Когда слушает сердце, молчит разум. И в эти мгновения торжествует мудрость женщины. Именно тогда она вправе сказать самому умному человеку планеты, которым по праву может гордиться вся цивилизация,— она вправе сказать, поглаживая его по щеке: «Глупышка. Ну разве так можно нервничать. Ты у меня глупенький, ты не умеешь даже целоваться».
Она может в гневе оттолкнуть мудрейшего из мудрых, бросив ему в лицо презрительное слово: «Дурак!»
Она все может, если она самая красивая женщина. А она всегда такова, если ее любят. Великое и беззаботное творение природы! Сколько мужей остановилось, поверив вдруг, что они на пороге истины. С размягченным разумом и сердцем поверили в счастливую случайность и в свою избранность. Сколько энергии, обращенной на любование, пропало даром, просыпалось сухим песком сквозь пальцы, оставив человеку в конце его жизни дряблую шейку и тревожно задранный подбородок — истлевающее существо, любимое до гроба. Неужели все зря? И любовь бессильна?..
Так или примерно так складывались порой в напряженном и в то же время как бы отключившемся сознании Демьяна Николаевича эти торжественные словеса, которые он затаенно слушал сердцем, страдая оттого, что не в силах выразить их, записать или наговорить другу в доверительном рассказе.

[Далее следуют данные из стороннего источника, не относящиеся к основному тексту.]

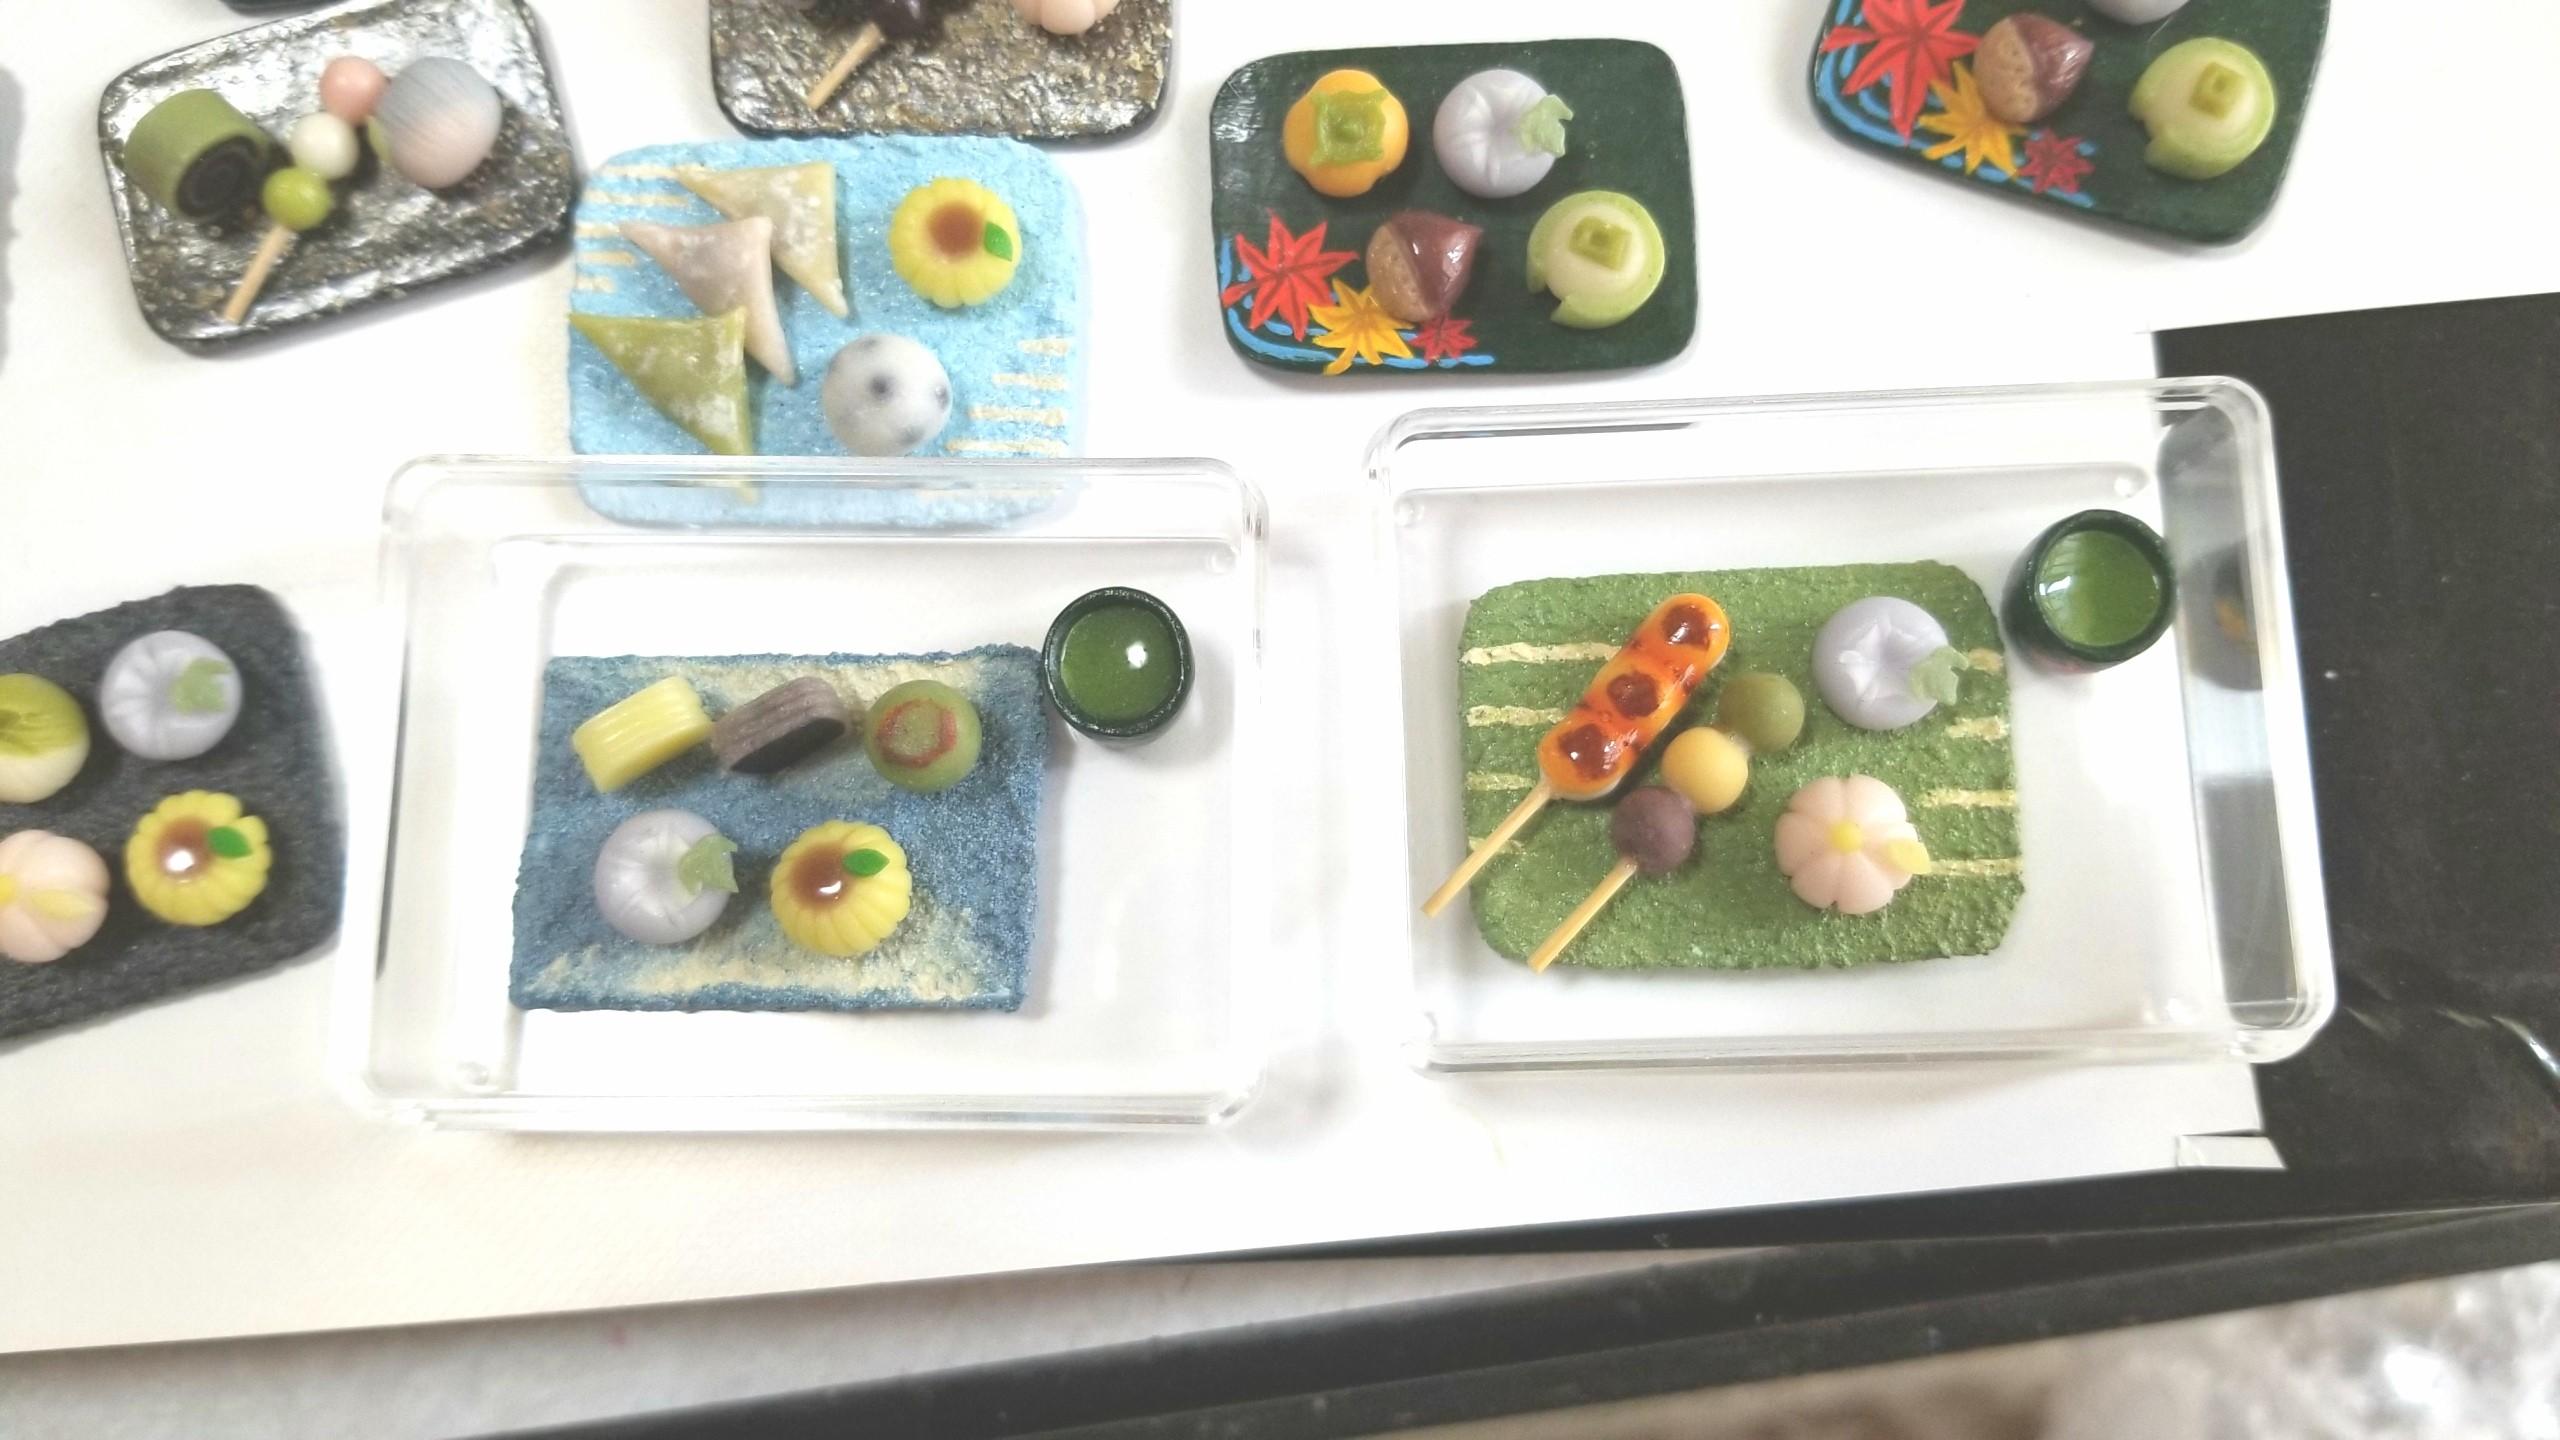 和菓子セット用,おぼんの作り方,ミニチュア,桧,木材,ドールハウス

Он сидел в тот день рядом с притихшей Татьяной Родионовной, держа ее руку в своей руке, и грел холодные ее и словно бы обескровленные, плоские пальчики.

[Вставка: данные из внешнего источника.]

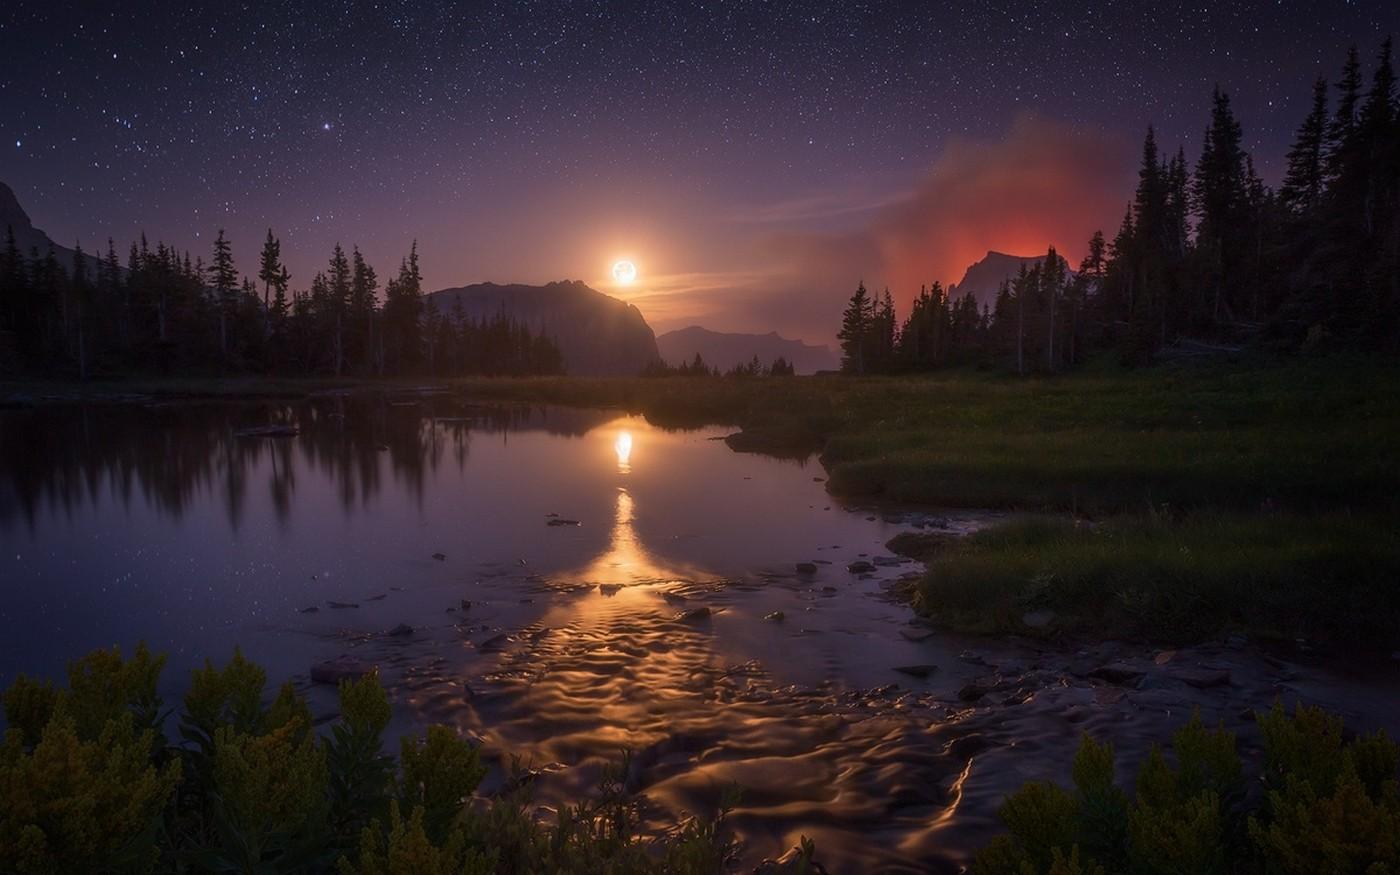 картинка ночной берег озера нас можно заказать

— Как ты себя чувствуешь? — спросил он однажды, прерывая торжественный ритм раздумий.
— Хорошо, — ответила Татьяна Родионовна и открыла коричневые глаза.
Их блеск и живость давно уже отобрала у нее повзрослевшая дочь, оставив ей тусклую и выцветшую оболочку некогда прекрасных, полированных, доведенных природой до какого-то сверхъестественного сияния глаз. Она открывала те свои глаза, и тихое, спокойное ее лицо так разительно менялось в эти мгновения, что чудилось, будто внутри ее со звоном и журчанием побежал вдруг по коричневым топазовым каменьям родниковый ручей и запели птицы. Нет, она не всегда просыпалась радостной, как этот ручей, и часто бывала озабочена с первой же минуты пробуждения, но ручеек все равно бежал и звенел в ее глазах. Когда же она опускала веки, чудилось, будто ручеек этот разливался под нависшим кустом ивняка и затихал.
Этот ручеек давно уже иссяк, и теперь только с помощью очень большого воображения можно было представить себе коричневые камушки, по которым скользит беспечная прозрачная струя.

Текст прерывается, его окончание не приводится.